**Task goal**
Keep only the lines from the start of the data through the line containing "Ταινία σκηνών εγκλήματος", and output them exactly.

Segment Start: The input

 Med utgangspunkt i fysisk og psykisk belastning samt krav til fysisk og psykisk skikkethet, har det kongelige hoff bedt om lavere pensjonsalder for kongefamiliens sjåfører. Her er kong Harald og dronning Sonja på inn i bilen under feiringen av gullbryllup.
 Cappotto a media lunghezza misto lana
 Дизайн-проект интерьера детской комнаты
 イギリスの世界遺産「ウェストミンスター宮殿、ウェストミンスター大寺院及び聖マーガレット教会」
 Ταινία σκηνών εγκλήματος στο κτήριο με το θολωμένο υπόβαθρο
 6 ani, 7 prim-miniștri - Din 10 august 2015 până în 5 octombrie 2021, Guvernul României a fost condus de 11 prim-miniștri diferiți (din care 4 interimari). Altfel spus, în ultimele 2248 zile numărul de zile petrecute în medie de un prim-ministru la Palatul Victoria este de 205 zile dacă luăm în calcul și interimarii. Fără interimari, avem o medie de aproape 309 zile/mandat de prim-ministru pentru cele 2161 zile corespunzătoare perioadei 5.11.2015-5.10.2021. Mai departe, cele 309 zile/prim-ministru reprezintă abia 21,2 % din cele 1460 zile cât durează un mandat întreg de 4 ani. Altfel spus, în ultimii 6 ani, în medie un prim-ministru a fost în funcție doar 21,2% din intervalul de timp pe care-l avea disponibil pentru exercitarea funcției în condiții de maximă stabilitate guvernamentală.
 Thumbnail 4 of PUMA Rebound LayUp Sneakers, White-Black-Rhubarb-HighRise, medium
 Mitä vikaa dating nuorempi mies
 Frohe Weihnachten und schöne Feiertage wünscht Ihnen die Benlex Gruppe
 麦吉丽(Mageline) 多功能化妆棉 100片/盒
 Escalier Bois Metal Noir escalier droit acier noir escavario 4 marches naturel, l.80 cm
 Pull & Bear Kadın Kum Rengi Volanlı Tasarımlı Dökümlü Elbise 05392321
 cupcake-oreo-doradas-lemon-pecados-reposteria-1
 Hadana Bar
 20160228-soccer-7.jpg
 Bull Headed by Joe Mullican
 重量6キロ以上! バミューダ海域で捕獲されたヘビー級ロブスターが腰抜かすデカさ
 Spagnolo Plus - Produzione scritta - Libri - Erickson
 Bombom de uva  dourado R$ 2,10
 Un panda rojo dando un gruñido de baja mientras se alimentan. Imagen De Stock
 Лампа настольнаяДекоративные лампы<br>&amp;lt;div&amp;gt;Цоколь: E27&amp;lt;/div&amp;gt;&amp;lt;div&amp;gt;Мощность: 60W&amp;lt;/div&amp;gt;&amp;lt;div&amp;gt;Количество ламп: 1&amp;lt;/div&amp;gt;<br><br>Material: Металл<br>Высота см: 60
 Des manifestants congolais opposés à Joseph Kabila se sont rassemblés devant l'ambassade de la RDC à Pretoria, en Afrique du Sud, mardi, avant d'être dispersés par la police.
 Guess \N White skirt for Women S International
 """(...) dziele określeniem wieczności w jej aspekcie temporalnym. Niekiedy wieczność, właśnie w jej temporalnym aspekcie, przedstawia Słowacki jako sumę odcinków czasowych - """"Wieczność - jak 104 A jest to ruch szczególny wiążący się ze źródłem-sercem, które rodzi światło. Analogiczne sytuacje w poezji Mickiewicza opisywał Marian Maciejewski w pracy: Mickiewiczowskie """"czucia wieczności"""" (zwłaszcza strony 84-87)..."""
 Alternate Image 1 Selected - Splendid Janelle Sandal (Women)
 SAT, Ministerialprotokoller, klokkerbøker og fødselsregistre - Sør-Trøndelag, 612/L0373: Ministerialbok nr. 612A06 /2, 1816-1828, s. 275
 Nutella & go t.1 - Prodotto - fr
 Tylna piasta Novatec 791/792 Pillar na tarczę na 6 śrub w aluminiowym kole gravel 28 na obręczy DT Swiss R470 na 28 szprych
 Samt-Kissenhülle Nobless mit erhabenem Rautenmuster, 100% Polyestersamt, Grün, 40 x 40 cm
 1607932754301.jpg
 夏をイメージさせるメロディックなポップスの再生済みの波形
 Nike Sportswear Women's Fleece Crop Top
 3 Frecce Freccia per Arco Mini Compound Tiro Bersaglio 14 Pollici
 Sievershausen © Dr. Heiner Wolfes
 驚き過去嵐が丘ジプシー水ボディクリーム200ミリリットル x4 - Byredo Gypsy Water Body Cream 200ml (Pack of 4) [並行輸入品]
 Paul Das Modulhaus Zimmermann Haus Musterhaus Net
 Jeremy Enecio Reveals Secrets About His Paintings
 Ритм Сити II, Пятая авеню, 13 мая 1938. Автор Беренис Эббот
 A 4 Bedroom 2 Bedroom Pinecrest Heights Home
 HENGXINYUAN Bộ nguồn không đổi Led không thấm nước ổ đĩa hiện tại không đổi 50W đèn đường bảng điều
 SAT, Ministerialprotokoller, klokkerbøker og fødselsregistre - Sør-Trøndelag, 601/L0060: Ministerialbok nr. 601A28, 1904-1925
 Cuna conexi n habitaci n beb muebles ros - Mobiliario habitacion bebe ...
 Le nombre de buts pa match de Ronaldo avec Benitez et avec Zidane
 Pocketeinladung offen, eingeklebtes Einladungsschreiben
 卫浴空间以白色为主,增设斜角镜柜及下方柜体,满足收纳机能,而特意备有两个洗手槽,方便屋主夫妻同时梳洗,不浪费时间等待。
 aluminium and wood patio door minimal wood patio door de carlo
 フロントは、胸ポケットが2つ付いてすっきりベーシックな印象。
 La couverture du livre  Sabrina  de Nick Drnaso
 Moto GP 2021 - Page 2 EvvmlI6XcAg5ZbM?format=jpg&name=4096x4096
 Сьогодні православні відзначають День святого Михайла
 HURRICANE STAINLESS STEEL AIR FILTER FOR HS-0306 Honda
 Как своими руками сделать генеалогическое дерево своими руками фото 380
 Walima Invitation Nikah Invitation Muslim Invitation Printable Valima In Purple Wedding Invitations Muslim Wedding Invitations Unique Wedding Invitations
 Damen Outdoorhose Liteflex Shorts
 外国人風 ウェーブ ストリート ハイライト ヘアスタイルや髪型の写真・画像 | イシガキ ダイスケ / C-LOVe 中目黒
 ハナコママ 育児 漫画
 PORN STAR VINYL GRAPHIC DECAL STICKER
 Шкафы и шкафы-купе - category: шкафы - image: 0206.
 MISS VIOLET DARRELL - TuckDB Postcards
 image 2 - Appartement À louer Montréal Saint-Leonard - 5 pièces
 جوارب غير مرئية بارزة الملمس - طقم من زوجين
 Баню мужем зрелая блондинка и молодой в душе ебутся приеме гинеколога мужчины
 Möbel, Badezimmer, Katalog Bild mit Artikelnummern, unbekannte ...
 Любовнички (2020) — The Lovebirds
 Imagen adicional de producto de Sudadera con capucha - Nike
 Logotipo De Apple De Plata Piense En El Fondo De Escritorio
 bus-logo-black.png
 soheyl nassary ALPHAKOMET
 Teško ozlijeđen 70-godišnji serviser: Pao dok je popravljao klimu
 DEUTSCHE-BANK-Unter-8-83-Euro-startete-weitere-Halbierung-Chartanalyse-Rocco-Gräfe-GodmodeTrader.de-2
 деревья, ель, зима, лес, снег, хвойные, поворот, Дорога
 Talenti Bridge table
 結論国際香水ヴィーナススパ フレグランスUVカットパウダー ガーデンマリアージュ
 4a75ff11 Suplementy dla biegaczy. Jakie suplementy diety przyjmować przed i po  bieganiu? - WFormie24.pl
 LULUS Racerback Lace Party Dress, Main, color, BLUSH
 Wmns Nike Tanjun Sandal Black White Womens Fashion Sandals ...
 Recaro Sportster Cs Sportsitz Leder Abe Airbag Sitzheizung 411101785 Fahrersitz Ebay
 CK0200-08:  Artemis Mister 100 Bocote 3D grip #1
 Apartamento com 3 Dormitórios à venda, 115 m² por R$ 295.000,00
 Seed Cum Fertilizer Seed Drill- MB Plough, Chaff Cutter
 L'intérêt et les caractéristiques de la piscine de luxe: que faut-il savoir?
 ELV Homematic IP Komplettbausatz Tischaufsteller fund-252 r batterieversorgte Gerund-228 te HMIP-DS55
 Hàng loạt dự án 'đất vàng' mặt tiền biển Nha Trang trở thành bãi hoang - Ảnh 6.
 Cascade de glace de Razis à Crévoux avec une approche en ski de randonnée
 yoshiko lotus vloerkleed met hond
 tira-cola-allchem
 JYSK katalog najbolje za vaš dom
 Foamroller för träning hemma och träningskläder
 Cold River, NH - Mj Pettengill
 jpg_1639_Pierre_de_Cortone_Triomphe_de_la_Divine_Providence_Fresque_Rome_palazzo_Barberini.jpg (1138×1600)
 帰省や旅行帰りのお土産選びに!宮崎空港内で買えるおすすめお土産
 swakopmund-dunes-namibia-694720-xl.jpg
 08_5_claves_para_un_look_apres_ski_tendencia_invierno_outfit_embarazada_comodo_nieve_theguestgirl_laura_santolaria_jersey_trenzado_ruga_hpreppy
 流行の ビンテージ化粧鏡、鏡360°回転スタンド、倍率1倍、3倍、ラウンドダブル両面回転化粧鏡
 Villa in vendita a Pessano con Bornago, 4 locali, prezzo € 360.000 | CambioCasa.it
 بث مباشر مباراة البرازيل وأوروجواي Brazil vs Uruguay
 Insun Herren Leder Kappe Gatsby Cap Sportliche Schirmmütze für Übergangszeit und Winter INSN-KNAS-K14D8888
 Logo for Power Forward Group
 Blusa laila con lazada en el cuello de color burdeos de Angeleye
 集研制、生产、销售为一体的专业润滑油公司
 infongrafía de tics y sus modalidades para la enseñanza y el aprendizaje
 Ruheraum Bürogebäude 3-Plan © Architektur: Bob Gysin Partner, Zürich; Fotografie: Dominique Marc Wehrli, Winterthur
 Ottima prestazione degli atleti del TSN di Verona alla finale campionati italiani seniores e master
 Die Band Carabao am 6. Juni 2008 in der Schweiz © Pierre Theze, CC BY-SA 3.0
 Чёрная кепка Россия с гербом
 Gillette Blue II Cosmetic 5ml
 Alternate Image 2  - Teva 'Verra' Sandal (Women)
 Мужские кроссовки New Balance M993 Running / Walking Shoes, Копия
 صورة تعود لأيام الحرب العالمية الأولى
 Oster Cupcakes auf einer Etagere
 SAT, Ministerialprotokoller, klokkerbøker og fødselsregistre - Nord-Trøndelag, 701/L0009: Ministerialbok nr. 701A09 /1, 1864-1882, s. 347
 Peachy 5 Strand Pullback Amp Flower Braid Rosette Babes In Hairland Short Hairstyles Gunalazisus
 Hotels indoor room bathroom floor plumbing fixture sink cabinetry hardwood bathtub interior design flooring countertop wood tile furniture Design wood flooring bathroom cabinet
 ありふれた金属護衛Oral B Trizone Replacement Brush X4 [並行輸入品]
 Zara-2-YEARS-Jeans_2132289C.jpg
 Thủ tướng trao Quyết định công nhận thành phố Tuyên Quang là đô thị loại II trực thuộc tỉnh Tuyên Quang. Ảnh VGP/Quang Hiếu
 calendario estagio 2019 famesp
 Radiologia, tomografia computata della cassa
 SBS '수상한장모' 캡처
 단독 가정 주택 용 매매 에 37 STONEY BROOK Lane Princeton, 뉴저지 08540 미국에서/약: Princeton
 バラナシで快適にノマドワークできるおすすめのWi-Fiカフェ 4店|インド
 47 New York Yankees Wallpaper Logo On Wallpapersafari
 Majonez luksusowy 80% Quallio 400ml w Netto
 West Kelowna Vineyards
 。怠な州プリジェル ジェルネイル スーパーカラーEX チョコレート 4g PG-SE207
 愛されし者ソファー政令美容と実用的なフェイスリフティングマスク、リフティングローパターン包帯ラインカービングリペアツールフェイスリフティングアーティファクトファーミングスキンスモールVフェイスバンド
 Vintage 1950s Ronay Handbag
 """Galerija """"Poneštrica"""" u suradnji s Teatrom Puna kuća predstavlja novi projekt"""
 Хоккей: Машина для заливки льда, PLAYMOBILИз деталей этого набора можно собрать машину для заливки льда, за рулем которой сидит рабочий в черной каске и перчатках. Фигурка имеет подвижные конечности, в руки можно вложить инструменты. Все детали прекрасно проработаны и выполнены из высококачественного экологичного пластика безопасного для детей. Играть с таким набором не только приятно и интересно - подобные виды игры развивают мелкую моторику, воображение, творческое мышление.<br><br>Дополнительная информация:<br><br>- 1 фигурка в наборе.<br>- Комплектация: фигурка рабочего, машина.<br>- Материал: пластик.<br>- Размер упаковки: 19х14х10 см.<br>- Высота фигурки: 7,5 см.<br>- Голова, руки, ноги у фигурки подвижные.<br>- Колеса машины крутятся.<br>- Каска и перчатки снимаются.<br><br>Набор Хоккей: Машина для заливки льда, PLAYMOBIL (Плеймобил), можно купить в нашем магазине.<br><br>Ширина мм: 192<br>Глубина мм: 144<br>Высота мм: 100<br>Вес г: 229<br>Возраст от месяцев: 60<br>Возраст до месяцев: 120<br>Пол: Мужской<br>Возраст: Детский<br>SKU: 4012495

Segment End: The input

**Exercise answer**
 Med utgangspunkt i fysisk og psykisk belastning samt krav til fysisk og psykisk skikkethet, har det kongelige hoff bedt om lavere pensjonsalder for kongefamiliens sjåfører. Her er kong Harald og dronning Sonja på inn i bilen under feiringen av gullbryllup.
 Cappotto a media lunghezza misto lana
 Дизайн-проект интерьера детской комнаты
 イギリスの世界遺産「ウェストミンスター宮殿、ウェストミンスター大寺院及び聖マーガレット教会」
 Ταινία σκηνών εγκλήματος στο κτήριο με το θολωμένο υπόβαθρο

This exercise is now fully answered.